- **HOW TO COMPLETE THIS TASK**: Among the entries below, copy only the span from the line containing "バンカー一月忌避剤[2点セット] ひのき炭黒泉 絹うるおい蜂蜜石けん(75g×2)?特選茶漬け" through the line containing "LEGO City Great Vehicles Конструктор". Do so exactly, and skip the pictures.

- **INFORMATION GIVEN**:

◇ ◇ ◇

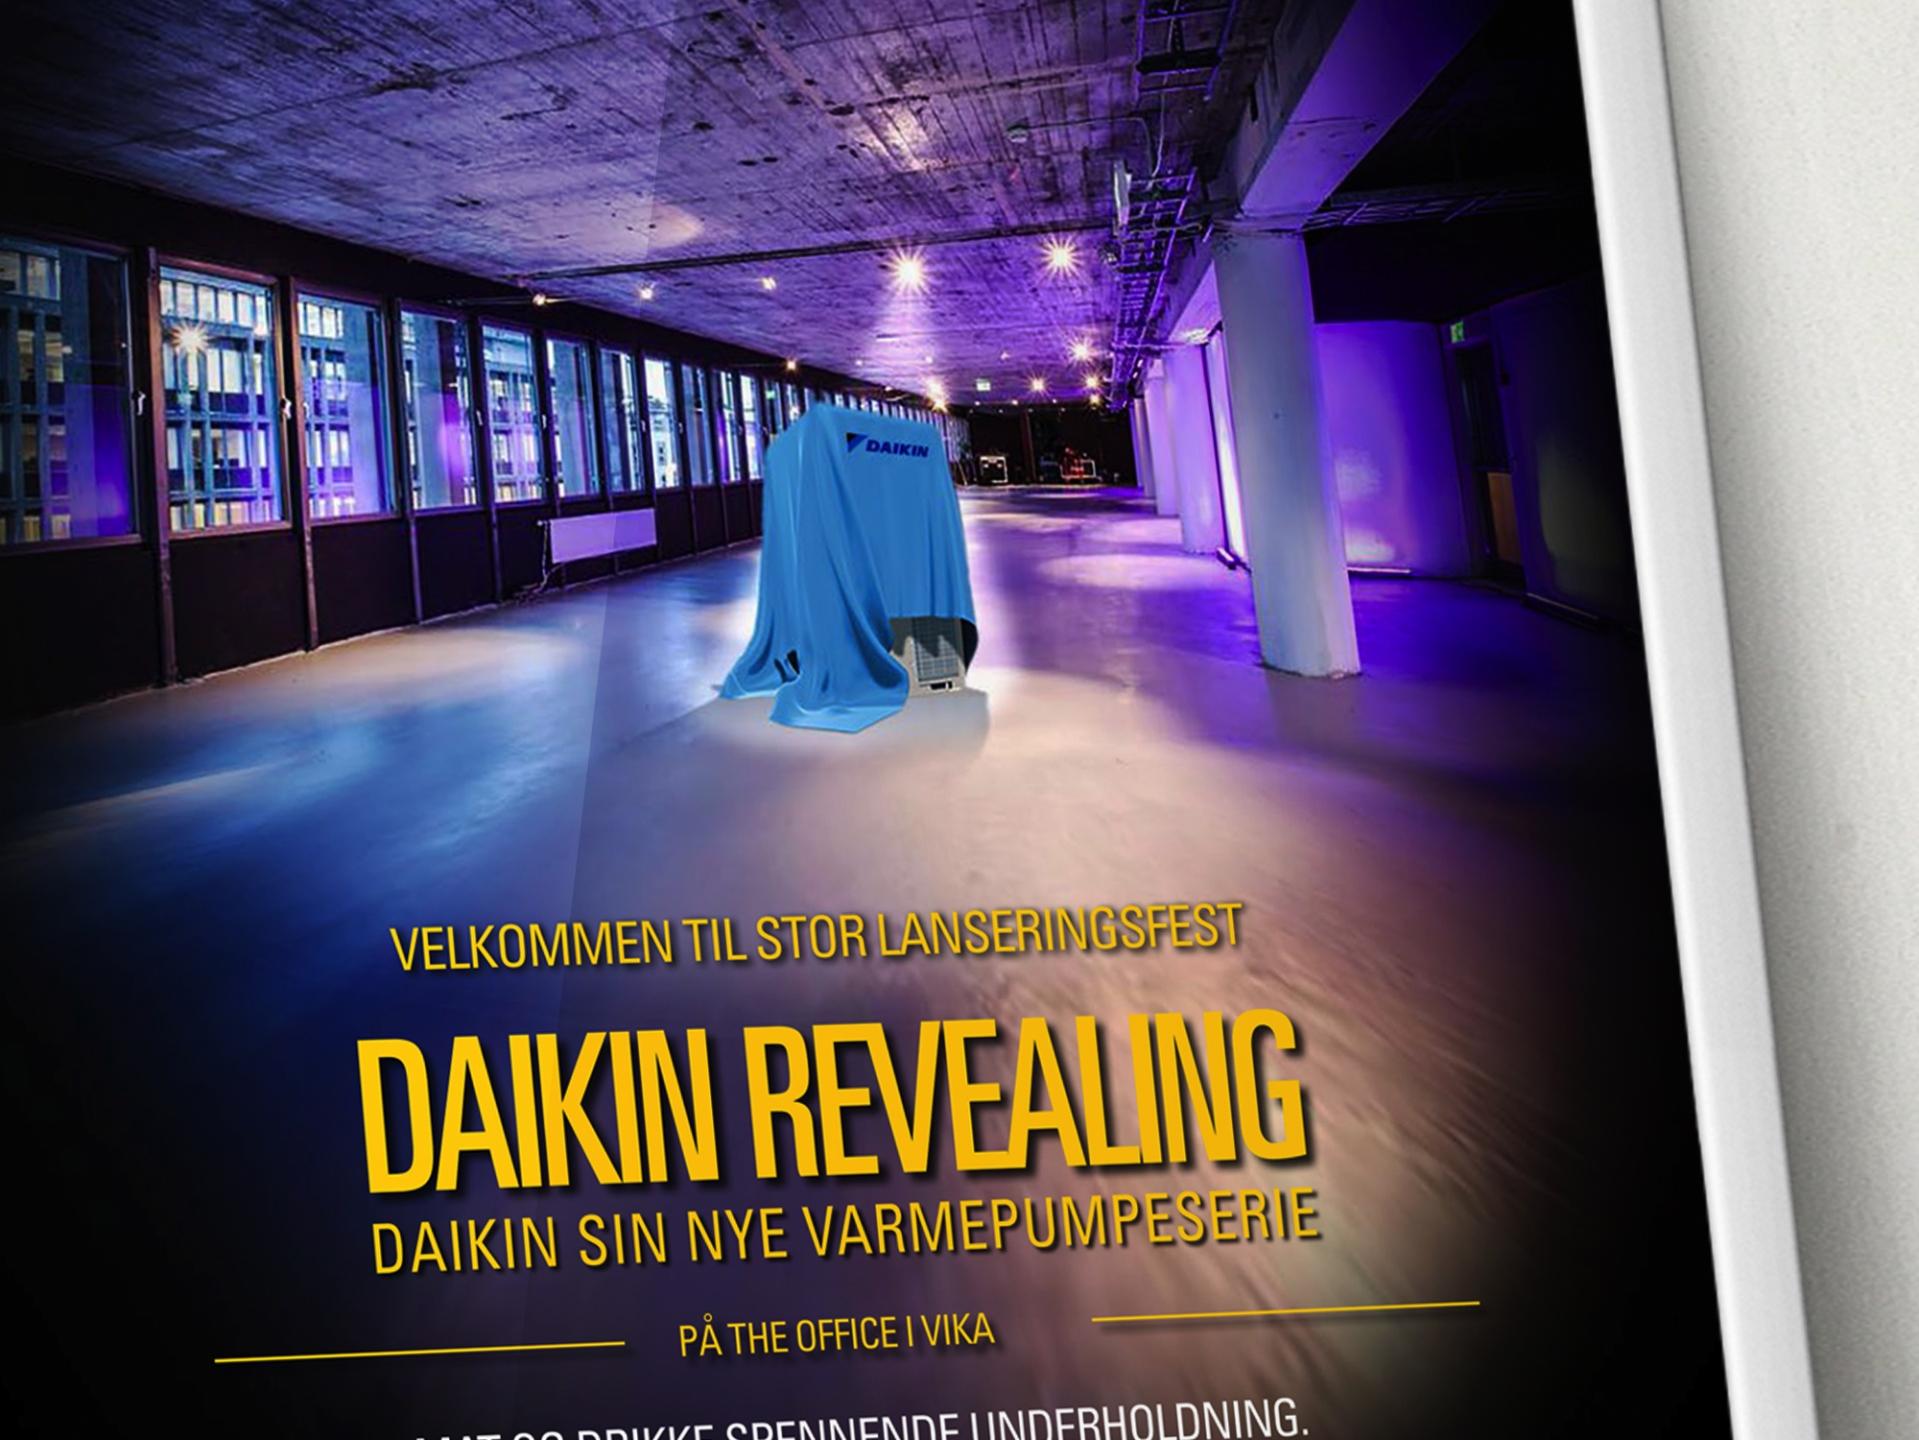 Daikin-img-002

◇ ◇ ◇

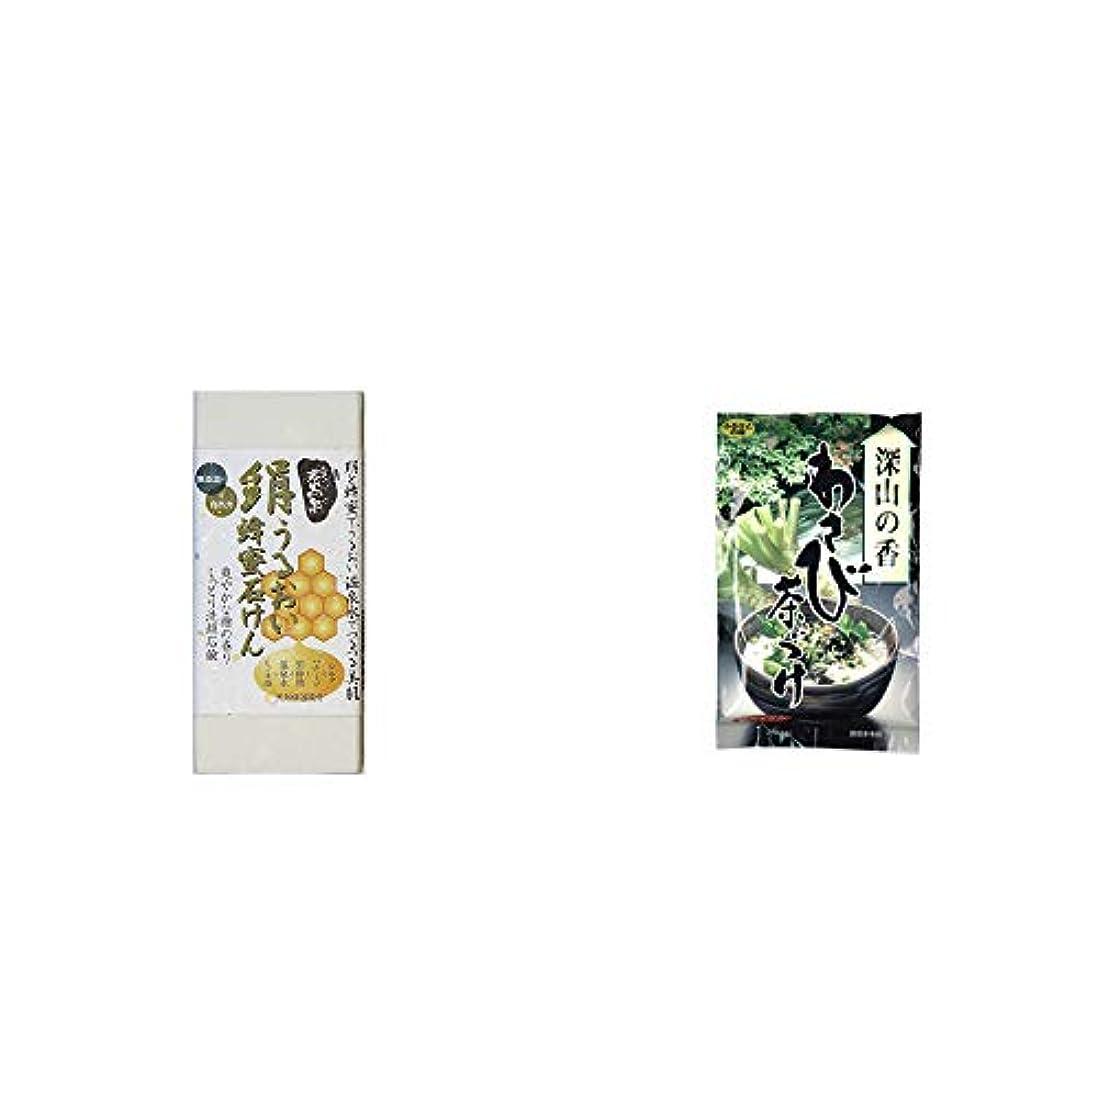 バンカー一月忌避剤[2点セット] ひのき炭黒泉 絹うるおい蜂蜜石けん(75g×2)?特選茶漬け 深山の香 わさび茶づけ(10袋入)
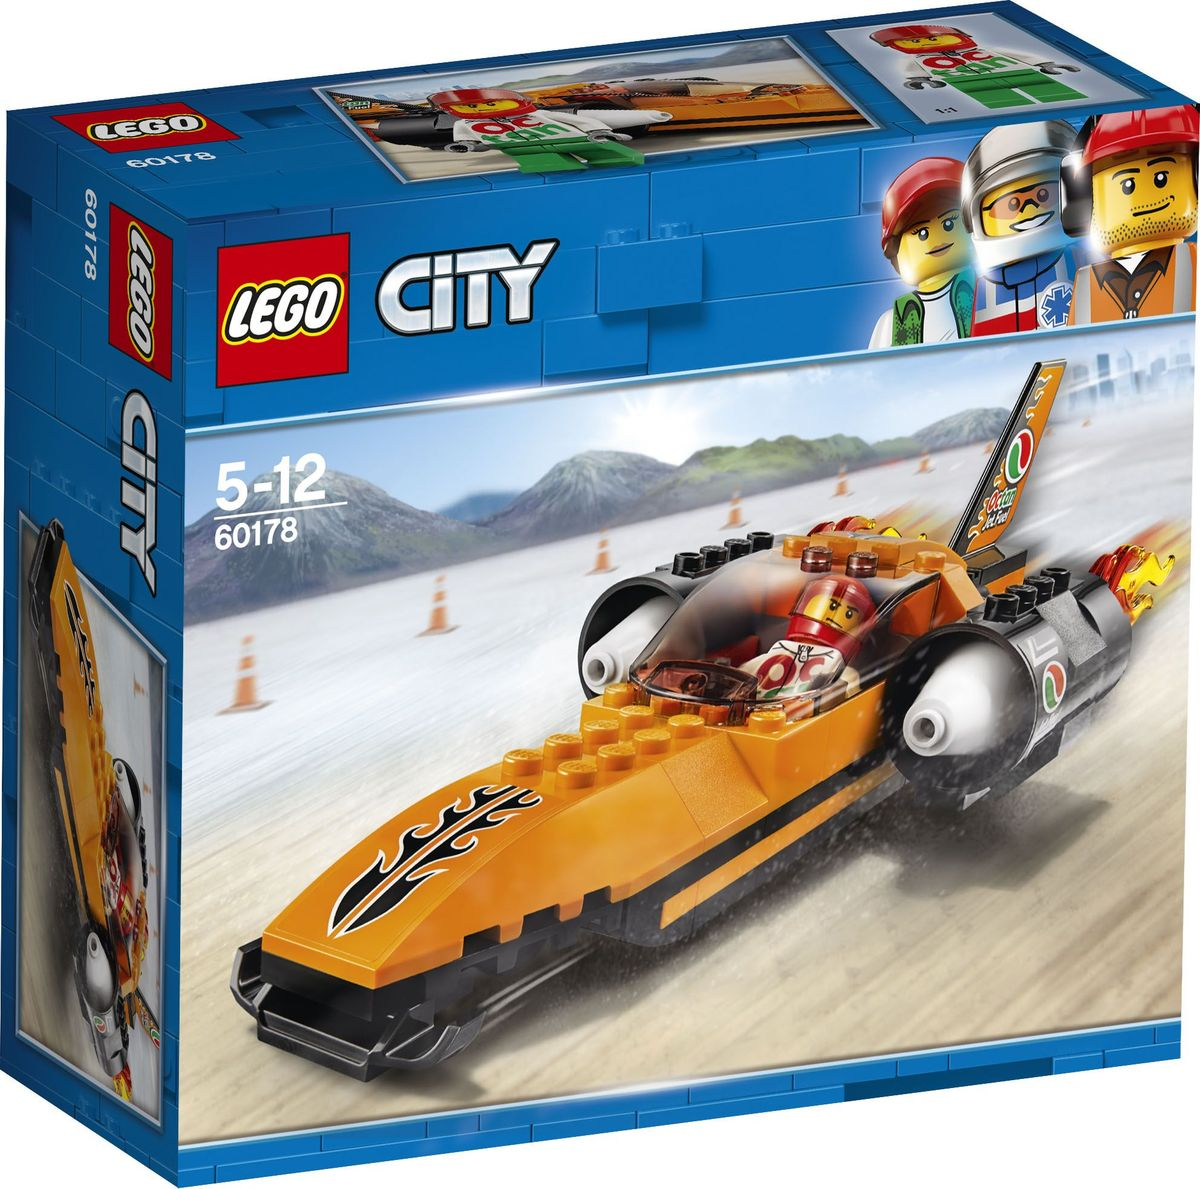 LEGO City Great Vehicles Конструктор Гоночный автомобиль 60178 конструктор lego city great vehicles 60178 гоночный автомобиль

◇ ◇ ◇

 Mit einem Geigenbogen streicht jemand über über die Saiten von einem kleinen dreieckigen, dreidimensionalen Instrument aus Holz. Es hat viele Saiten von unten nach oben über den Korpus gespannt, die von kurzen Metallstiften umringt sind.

◇ ◇ ◇

- **RESPONSE AREA**:
 バンカー一月忌避剤[2点セット] ひのき炭黒泉 絹うるおい蜂蜜石けん(75g×2)?特選茶漬け 深山の香 わさび茶づけ(10袋入)
 LEGO City Great Vehicles Конструктор Гоночный автомобиль 60178 конструктор lego city great vehicles 60178 гоночный автомобиль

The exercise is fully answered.